Problem to work on. Find the line with "化妆品加盟支持各有所爱 创业开店再也无忧" in the records below. Output exactly from there until after the line with "Ethernet Jack Stock Photos", without pictures.

Data for analysis.
####################

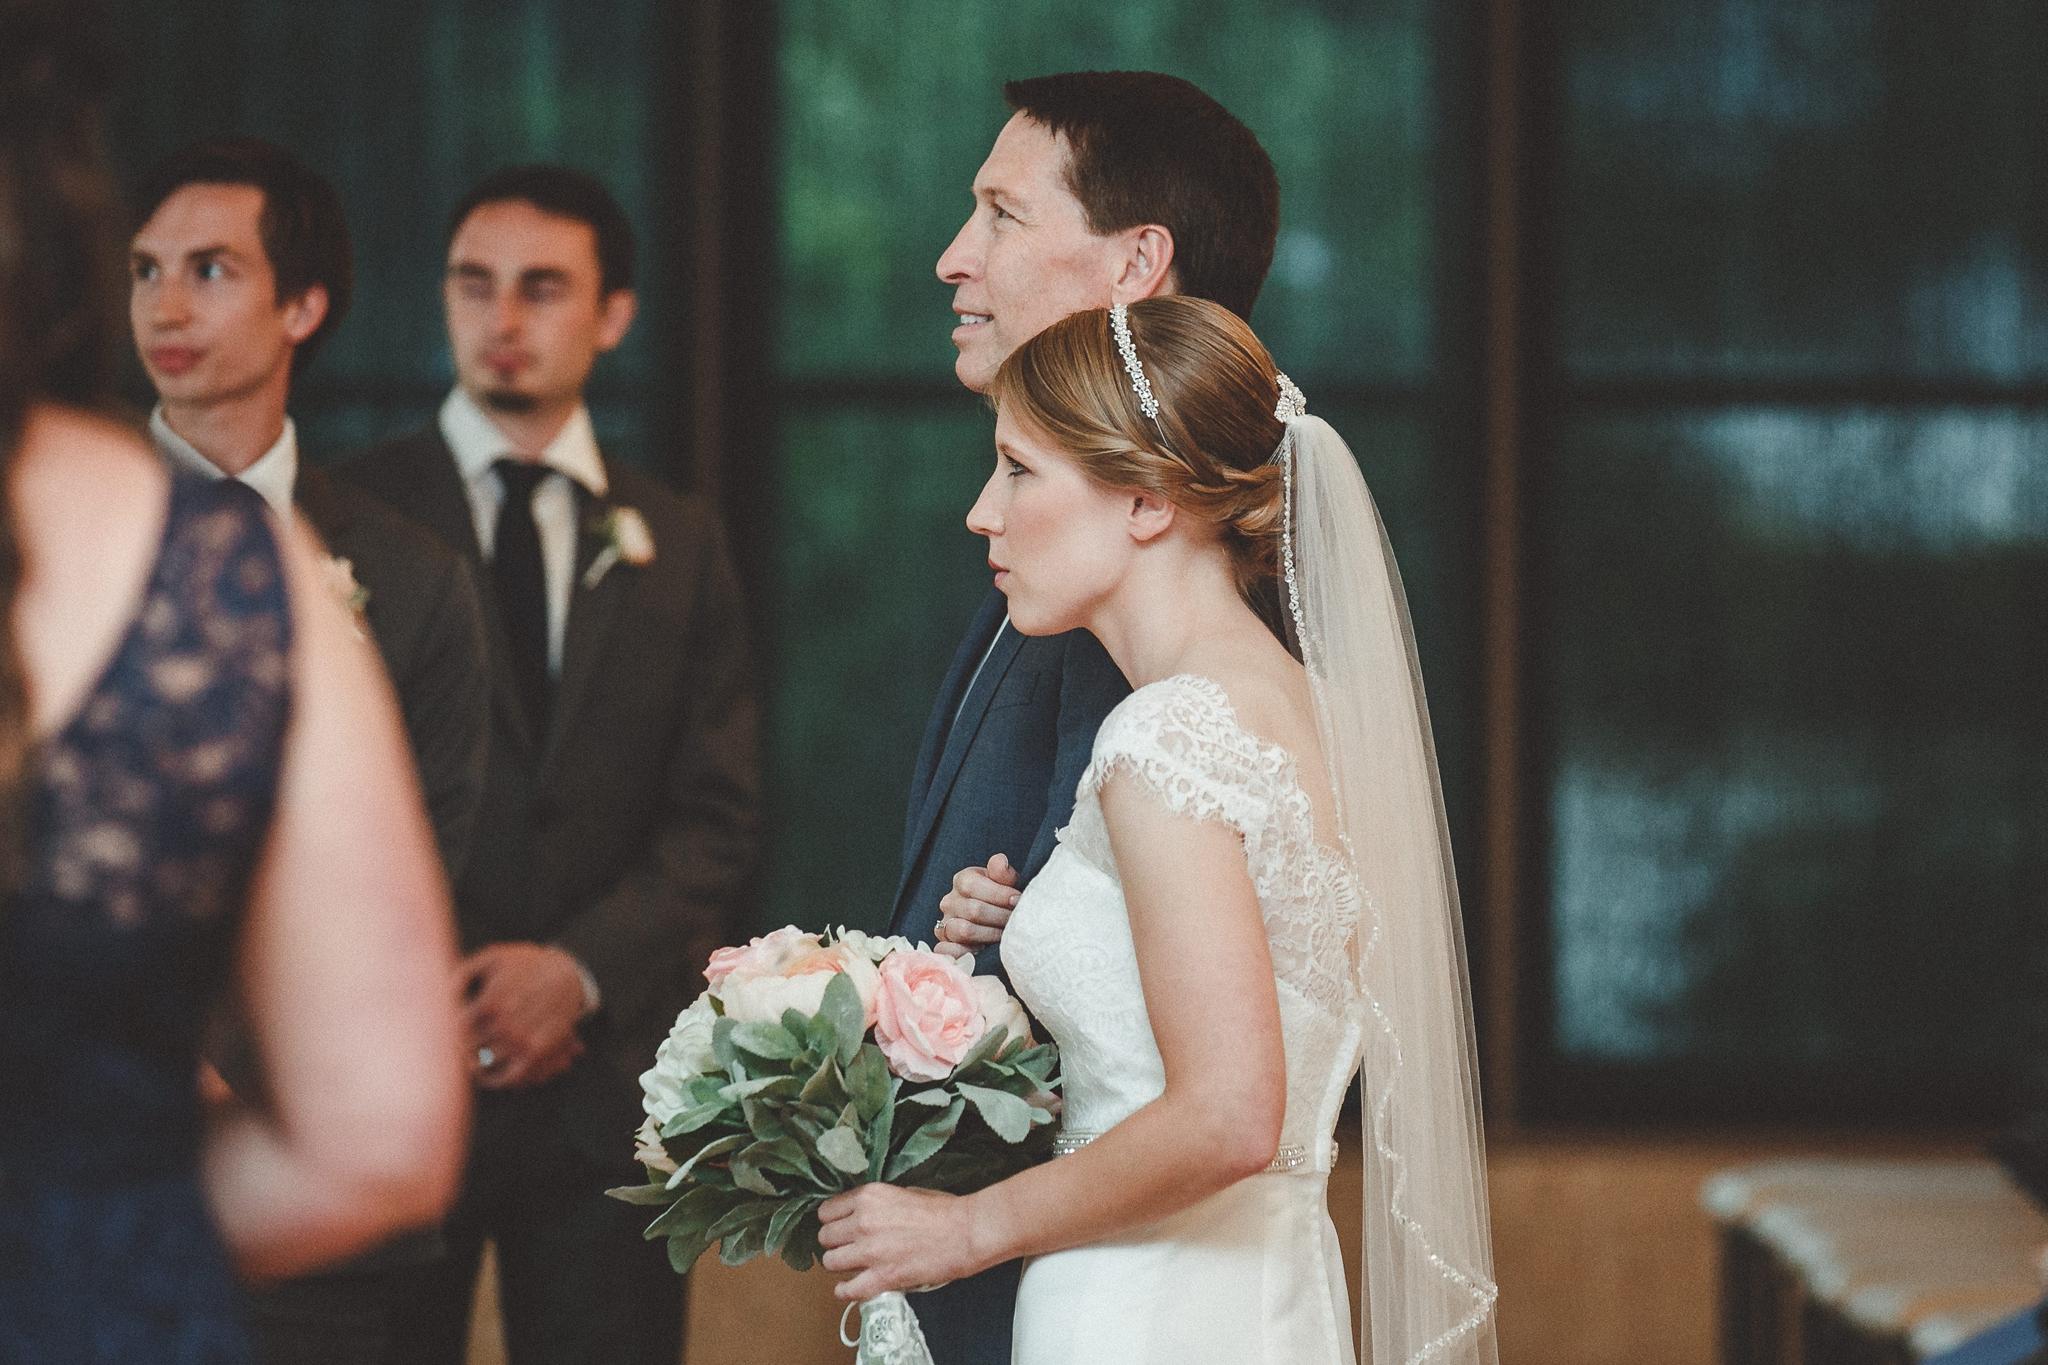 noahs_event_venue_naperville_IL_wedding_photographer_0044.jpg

####################

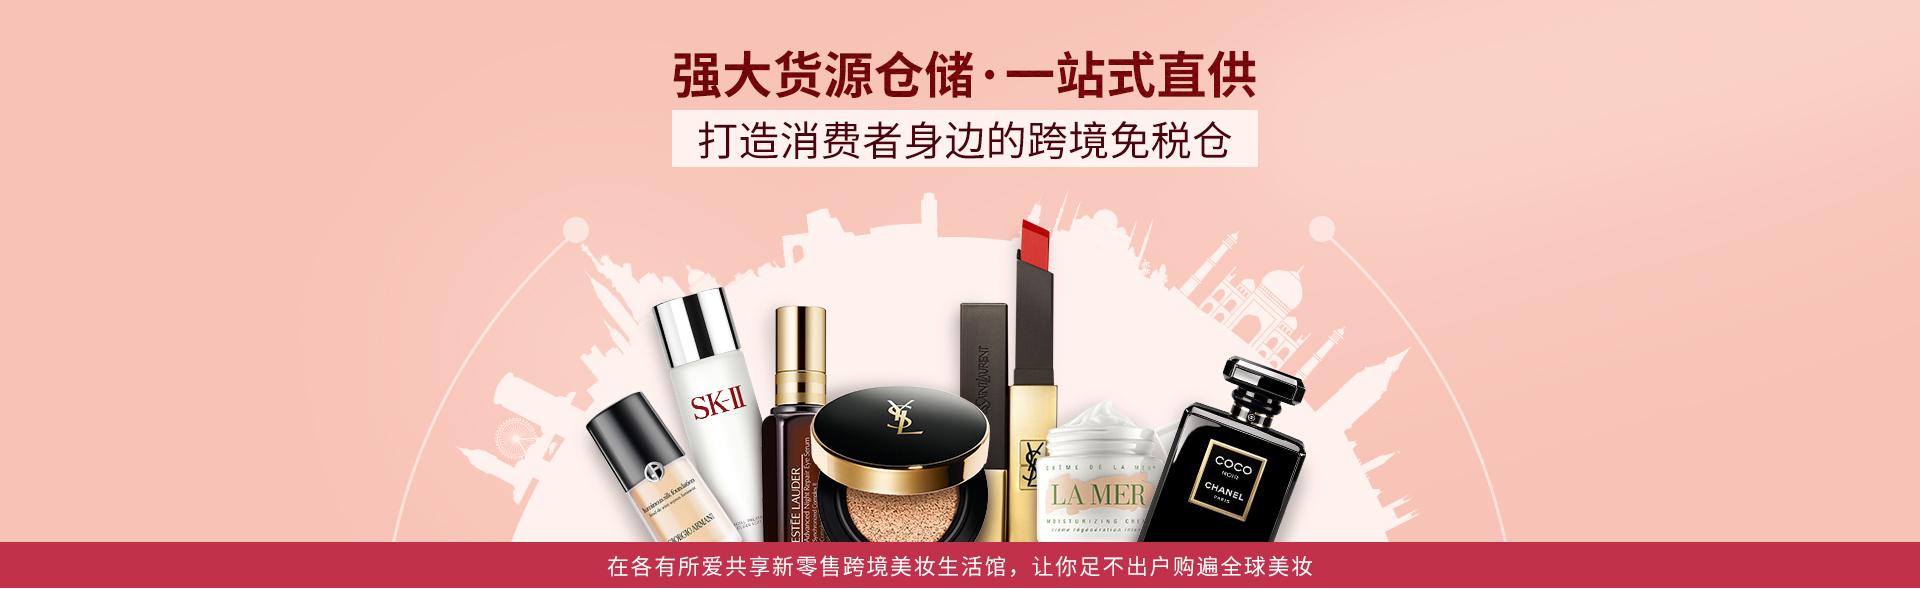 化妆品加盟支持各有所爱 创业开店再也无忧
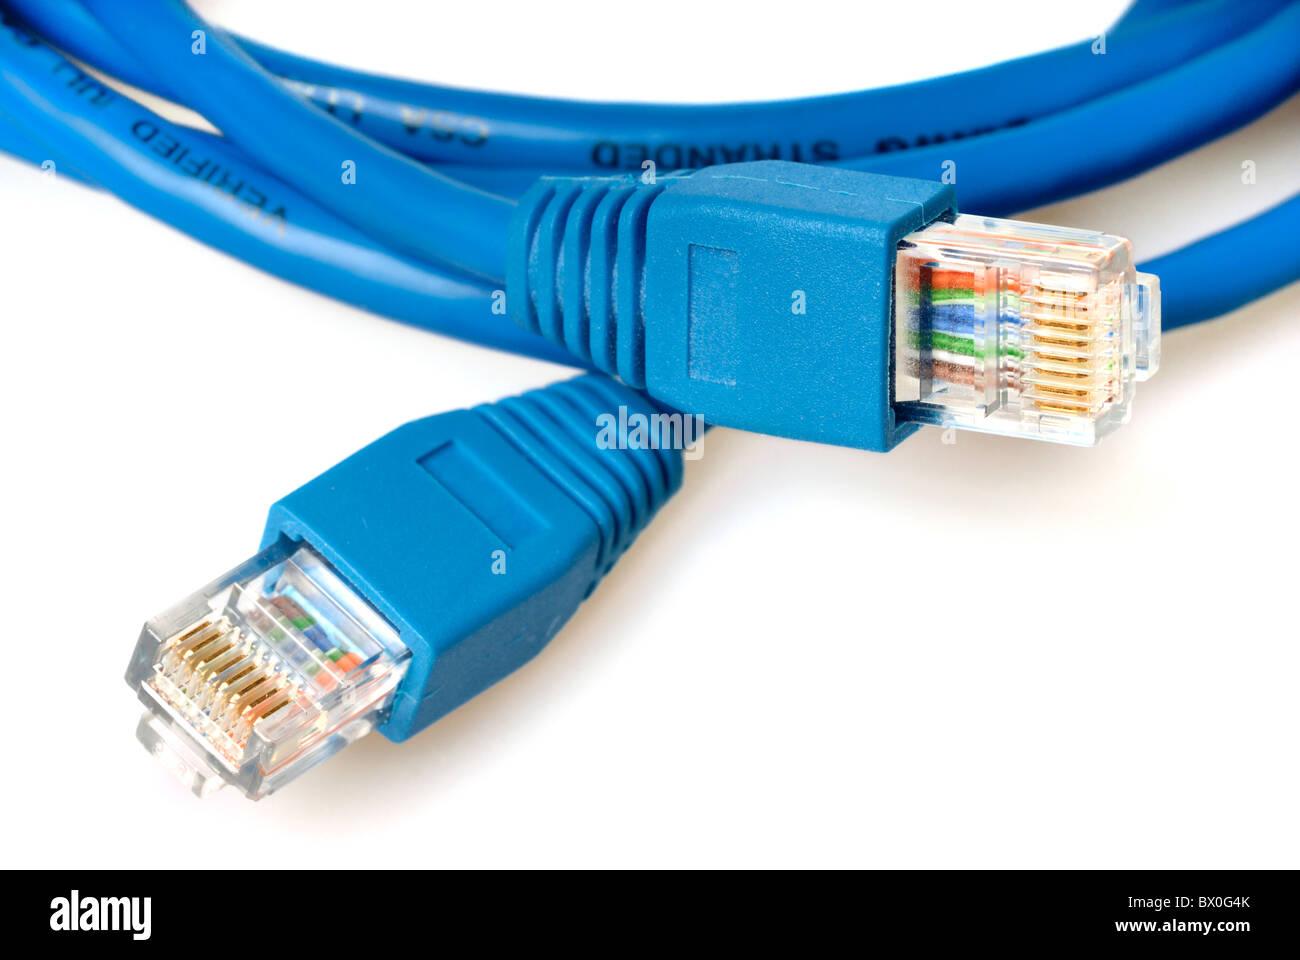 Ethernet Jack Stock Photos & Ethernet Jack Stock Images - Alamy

####################

Your solution.
 化妆品加盟支持各有所爱 创业开店再也无忧
 Ethernet Jack Stock Photos & Ethernet Jack Stock Images - Alamy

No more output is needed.